The NILS prediction model is based on an ANN algorithm. However, there are other machine-learning models in addition to logistic regression models for the same purpose. In the original publication, the ANN model performed slightly better than logistic regression upon internal validation with cross-validation, and thus selected for further application and development. Variation in the proportions of node positive breast cancer in different target population may impact the performance of the NILS prediction model.

It is interesting to briefly consider the variable “screening-detected.” In Sweden, women aged 40–74 years are offered mammographic screening; thus, only women in this age group have the prospect of having screening-detected BC. However, the NILS model was developed independently of these age conditions. In addition, poorer discrimination of NILS in the population of women aged ≥ 70 years with ER-positive/HER2-negative tumors was a limitation of the present study. In future work with the NILS decision-support tool, it is possible to adjust the screening/age discrepancy and develop a model specific to the target population of women aged ≥ 70 years with ER-positive/HER2-negative tumors to better cohere with plausible future clinical settings.

Future perspective

We performed a thorough retrospective validation of the NILS model. Concurrently, we are optimizing the web interface to improve its usability before clinical implementation.

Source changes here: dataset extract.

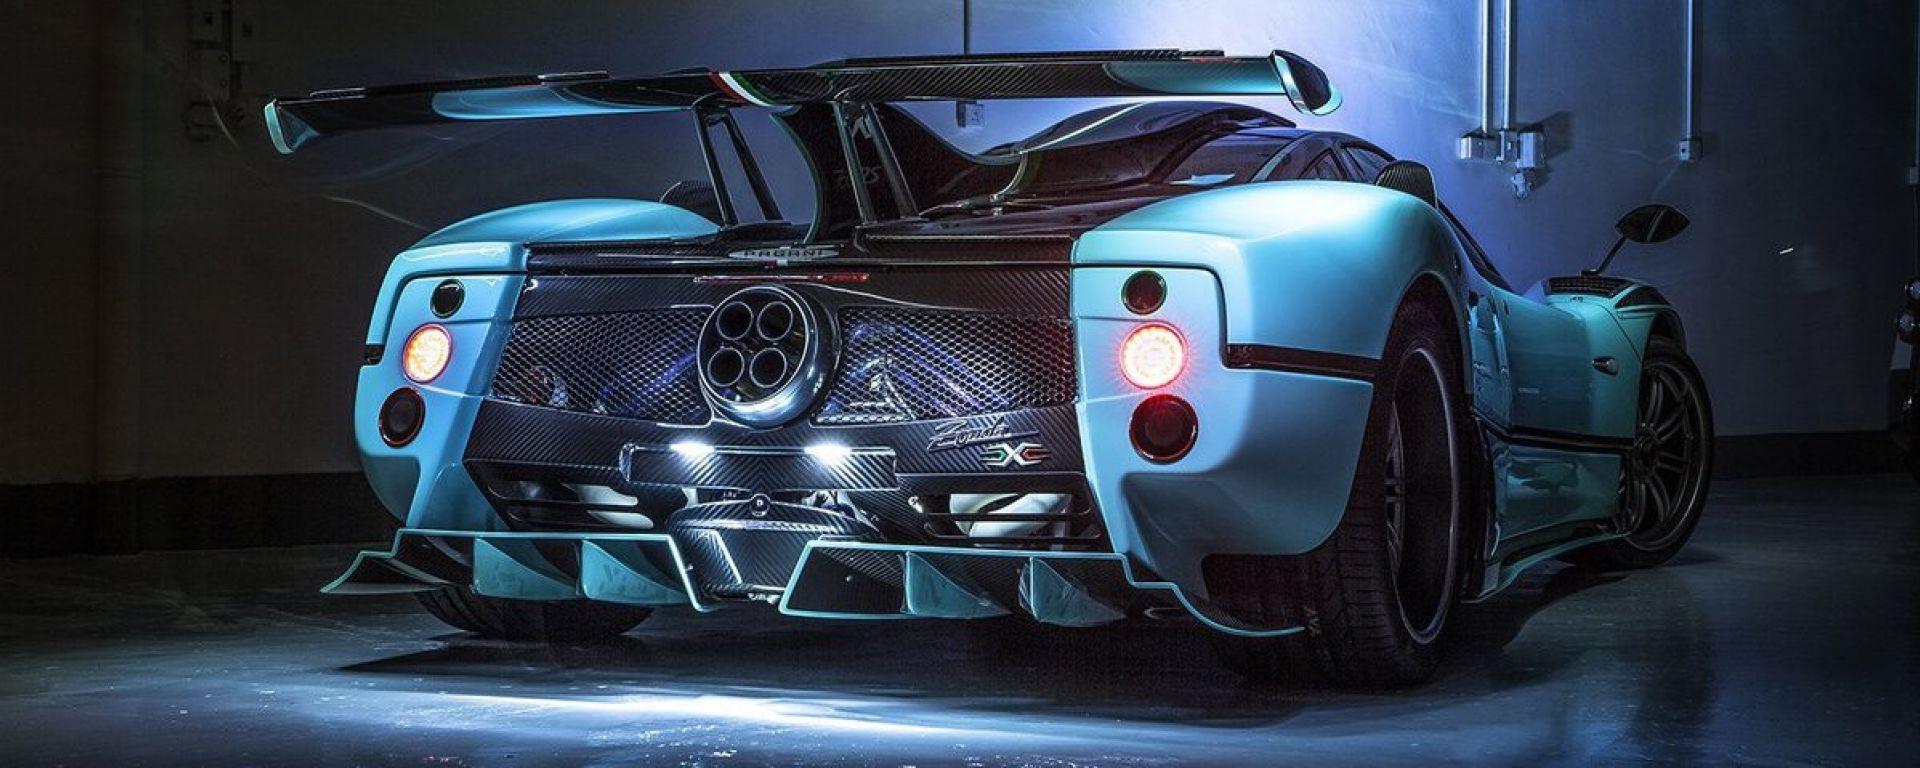 Pagani Zonda 760 RSJX

To provide patient-centered care on the management of axilla in early breast cancer, the ASCO guideline states that patients should be evaluated on a case-by-case basis. We present a user-friendly decision-support tool for personalized pre-operative prediction of nodal status, with the potential to identify one-quarter of patients as eligible for abstaining SLNB. The adoption of prevailing guidelines can be enhanced by providing clinicians and patients with such tools. Furthermore, by conducting a health–economic analysis, the implementation of the NILS prediction model was shown to be cost-effective and associated with health gain [19].

Conclusion

In this retrospective validation study of an ANN model, we presented the results of the NILS decision-support tool. In the temporal and geographical validation study presented here, the performance of the algorithm was satisfactory. Considering the shift from postoperatively to preoperatively available predictors in this temporal, geographical, and domain validation, we showed the robustness of the NILS model. Furthermore, we demonstrated the possibility of avoiding axillary surgery in 26% of the patients using the NILS decision-support tool. The clinical usability of the web interface will be evaluated before clinical implementation of this decision-support tool for the prediction of benign SLN(s).